Babylog – baby tracker built with OpenClaw from a hospital room

by chand1012·Feb 16, 2026·2 points·1 comment

AI Analysis

●●SolidCozyShip It

Purpose-built baby tracker without subscription bloat, but competing in crowded parenting app market.

Strengths
  • Link-based caregiver sharing with zero sign-up friction solves real coordination chaos between partners and family — genuinely better UX than group texts or app-based invites.
  • Deployed on first try from a hospital room via Telegram + OpenClaw; React PWA + Cloudflare stack is lean and cost-free at scale.
Weaknesses
  • No retention moat — features (feedings, diapers, naps, charts) are table stakes in parenting apps (Huckleberry, Glow, Nanit exist with more data insights).
  • Single founder, built during personal crisis; no evidence of growth, retention metrics, or plan to compete against funded alternatives.
Category
Target Audience

New parents, caregivers, pediatricians

Similar To

Huckleberry · Glow Baby · Nanit

Post Description

Hey HN! I built Babylog (https://babylog.chand1012.dev) — a simple baby tracker for logging feedings, diapers, and naps — entirely from my wife's hospital room using an AI coding agent.

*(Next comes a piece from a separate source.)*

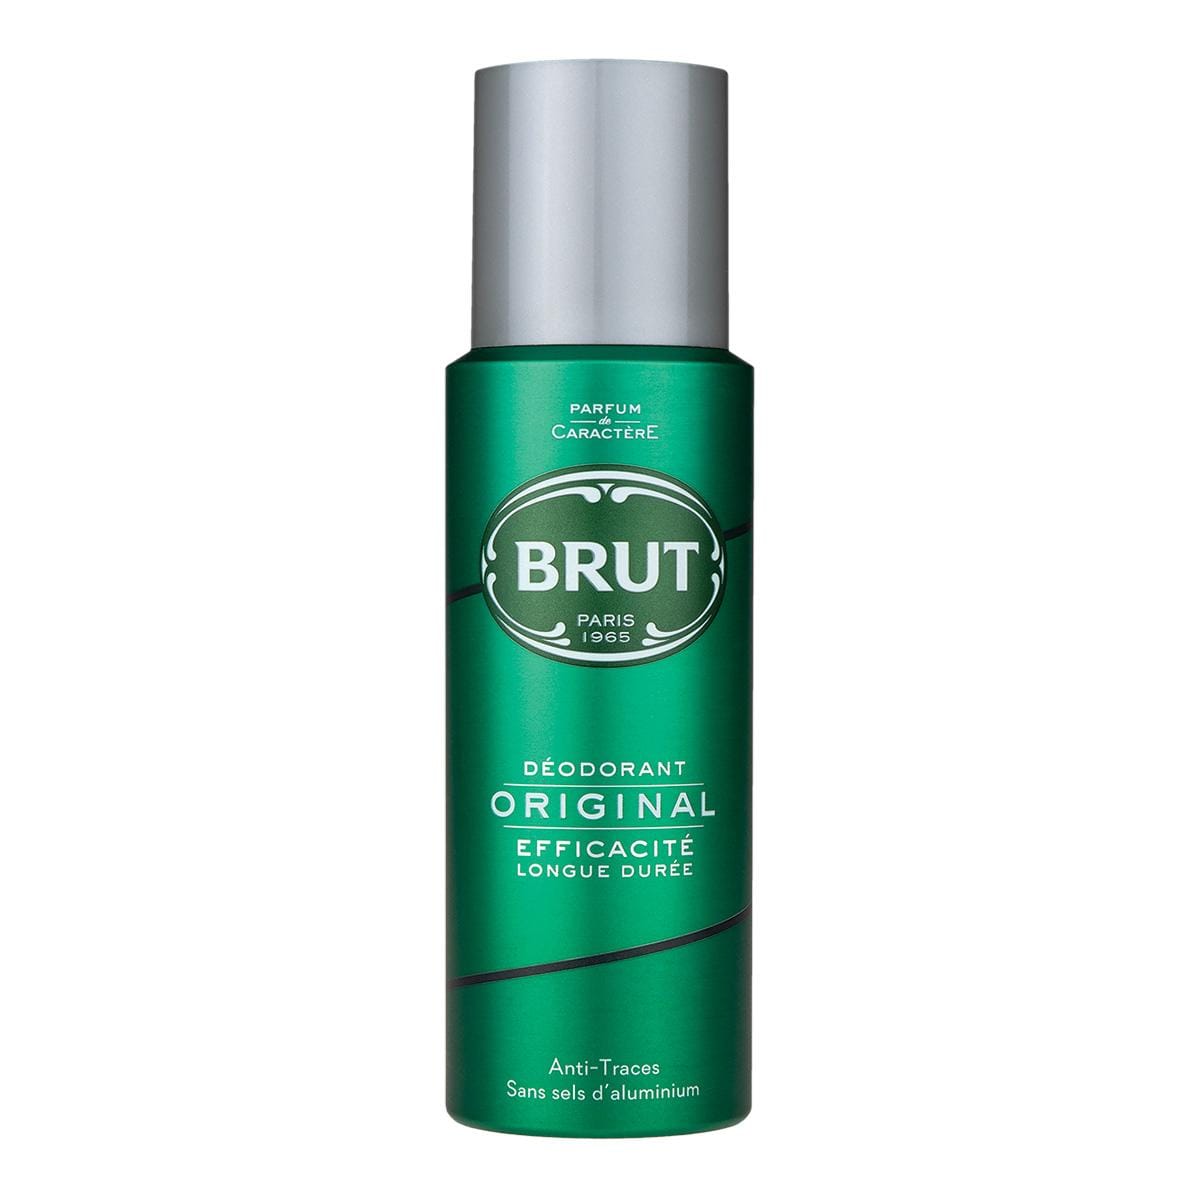 Brut Deodorant Orignal Body Spray for Men - 200ml
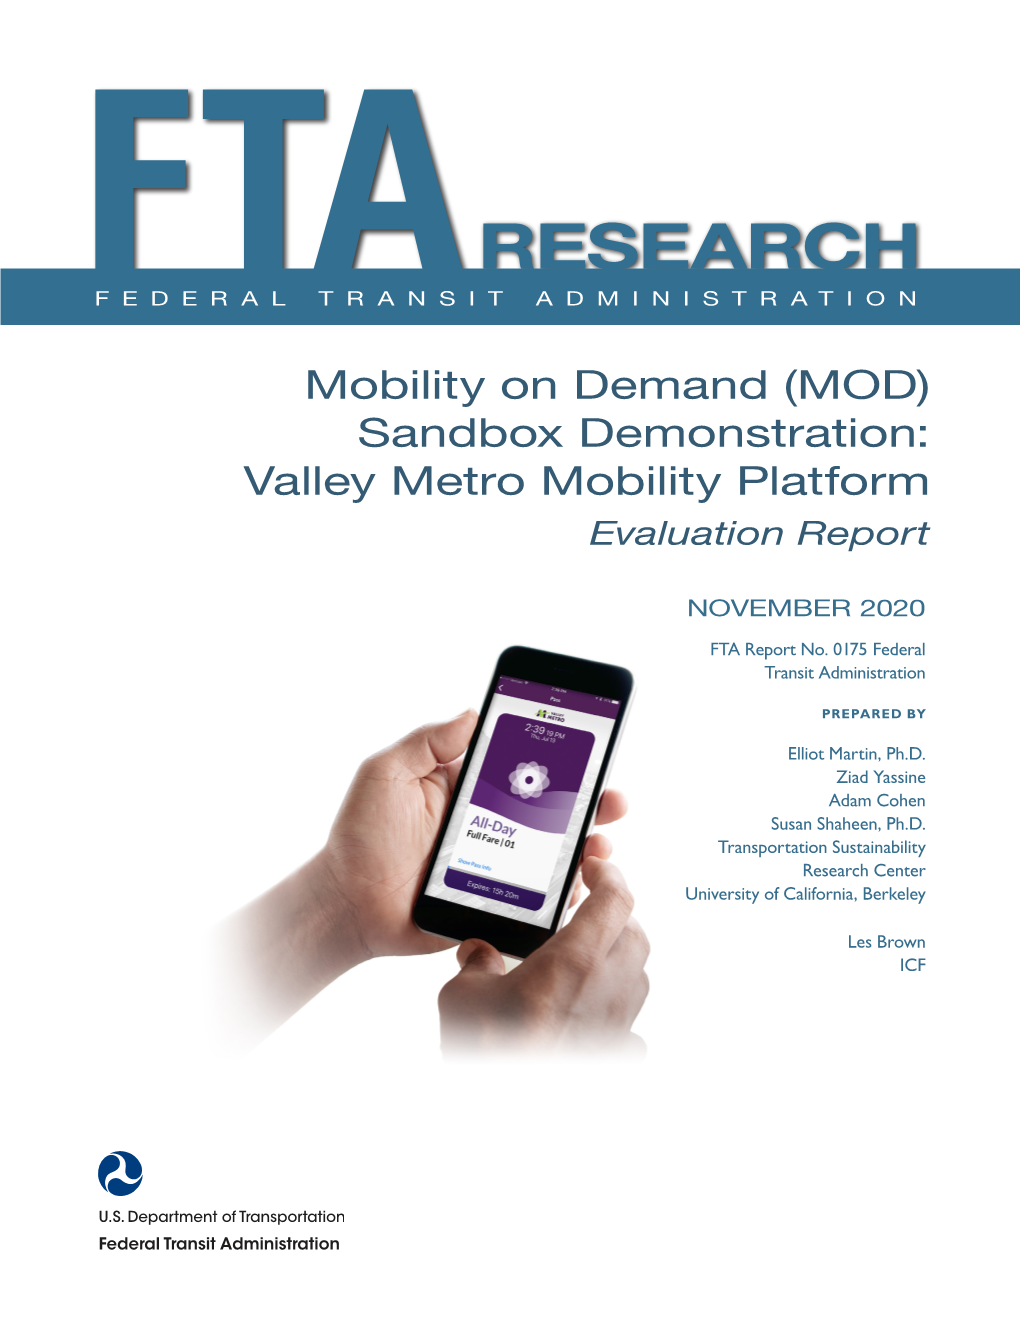 Sandbox Demonstration: Valley Metro Mobility Platform Evaluation Report

My wife's water broke the day before her due date. After 18 hours of labor and an emergency c-section at 3am, our son was born. When a nurse asked "do you know what time he ate last?" and we had no idea, I knew I needed something to track it. But I didn't bring my laptop.

I had OpenClaw set up on a home server, accessible via Telegram. So I built the whole thing from my phone — planning the architecture, writing code, deploying to Cloudflare Workers — all through chat.

Stack:

• React + Vite + React Router frontend (PWA) • Hono backend on Cloudflare Workers • Cloudflare D1 (SQLite) for storage • Retro UI component library • CI/CD via GitHub Actions The MVP deployed and worked first try — account creation, child profiles, diaper and feeding logging all functional immediately. My wife and I have been using it daily since.

What went well: Zero-to-working-app without touching a keyboard. The agent handled monorepo setup, API design, frontend, deployment, and even CI/CD pipeline creation.

What didn't: No migration system (the agent skipped proper DB migrations), context poisoning made initial Cloudflare deployment painful (~1 hour of fighting the wrong API endpoint), and I broke every security best practice by giving the agent my API keys directly.